In the conviction that the struggle for social justice does not stop at our borders, he created the Institute's Centre for Democratic Development to combat the smug complacency of so many Canadians. The Centre has pressed the Federal government to take a more active engagement with our traditional allies and put aside Canada's bankrupt doctrines of moral relativism and political equivalency. Addressing the urgency of protecting civil liberties while maintaining heightened national security, it organized a major Conference on this subject with former CIA Director James Woolsey. Working with elements of the Canadian Armed Forces and the Conference of Defense Associations, the Institute has also advocated for increased military capacity and budgets believing that as an industrialized nation benefiting greatly from the resources and labour of the underdeveloped world where so many live under tyrannical regimes the least Canada owes the millions of oppressed is to be an active player in the possibility of redemptive change.

 

In addition to leading demonstrations condemning the Sudanese genocide of its African population, the Institute has formed the Canadian Rescue Committee for the Children of Darfur. Working with the United Nations High Commission for Refugees, the Committee has brought together some dozen national organizations whose members are offering Canadian homes for orphaned refugee children. The Institute has also assisted the Kinderbaum Foundation of Switzerland, directed by Dr. Michael Schmitz of Rome, in its work of building orphanages and training schools for abandoned South African orphans whose parents have died of aids. One of its most recent successes was the first partnership between the Southern Christian Leadership Conference and a Canadian NGO which saw the Institute organize dozens of para-medics to help in the SCLC’s Delta Relief Project in the wake of the Hurricane Katrina devastation.

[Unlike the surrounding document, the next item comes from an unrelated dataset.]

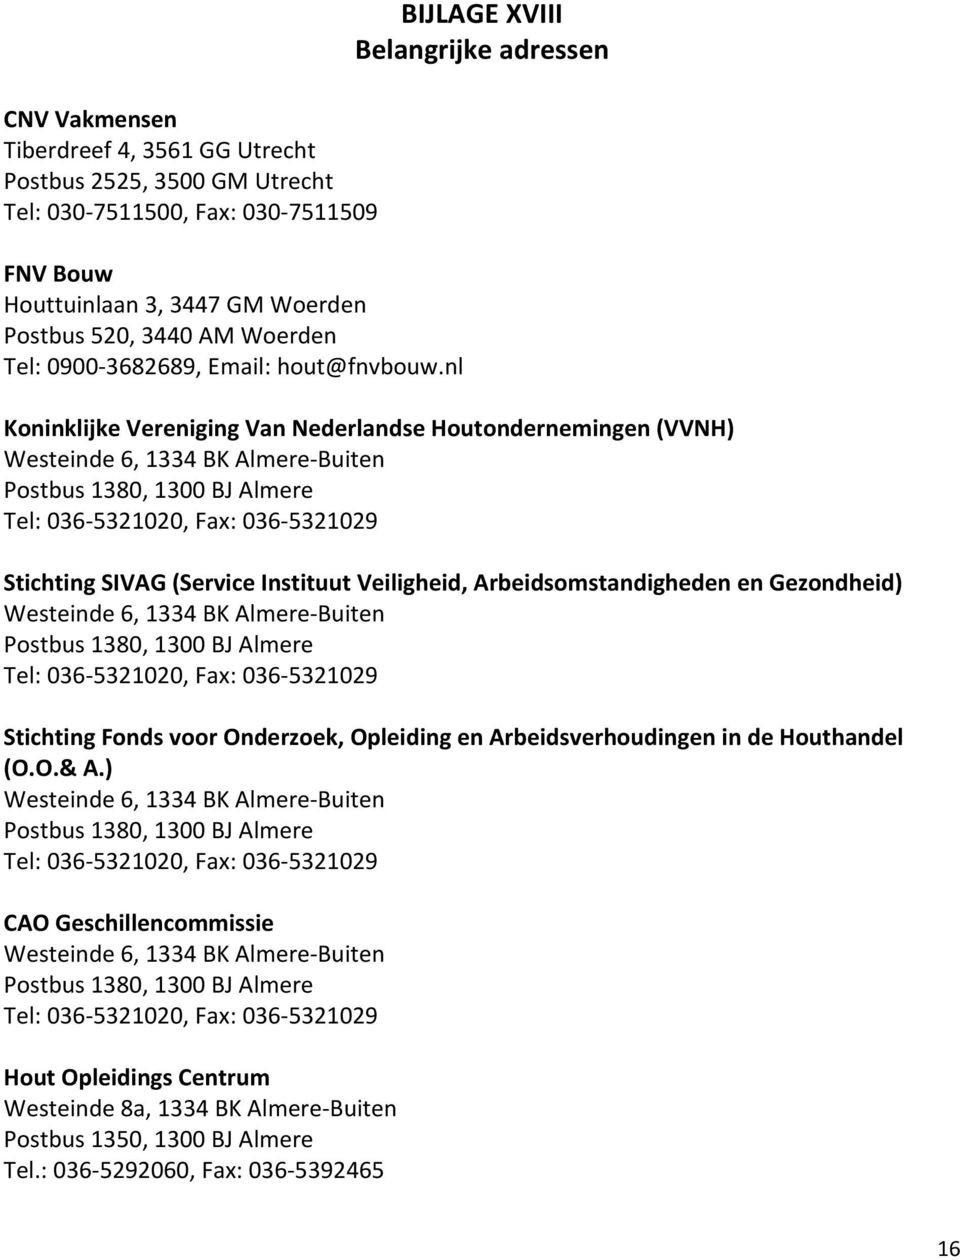 nl BIJLAGE XVIII Belangrijke adressen Koninklijke Vereniging Van Nederlandse Houtondernemingen (VVNH) Westeinde 6, 1334 BK Almere Buiten Postbus 1380, 1300 BJ Almere Tel: 036 5321020, Fax: 036

Mr. Wajsman's views and writings have appeared in many publications ranging from Time Magazine to the National Post and he is a frequent commentator on radio and television. He is currently working on his first book entitled "Toward a Culture of Conviction: A National Agenda of Character and Conscience". In August of 2003 the Institute launched its own journal called Barricades.

Mr. Wajsman is a member of the University Club of Montreal; the McGill Faculty Club and the National Press Club of Ottawa. Among his recent citations from charitable, communal and volunteer organizations are the Community Service Award from the International Academy of Law and Mental Health and the Medal of Merit from the Association for the Welfare of the Soldiers of Israel. He was recently named one of the Présidents d'honneur of UNICEF Canada's 50th anniversary celebration.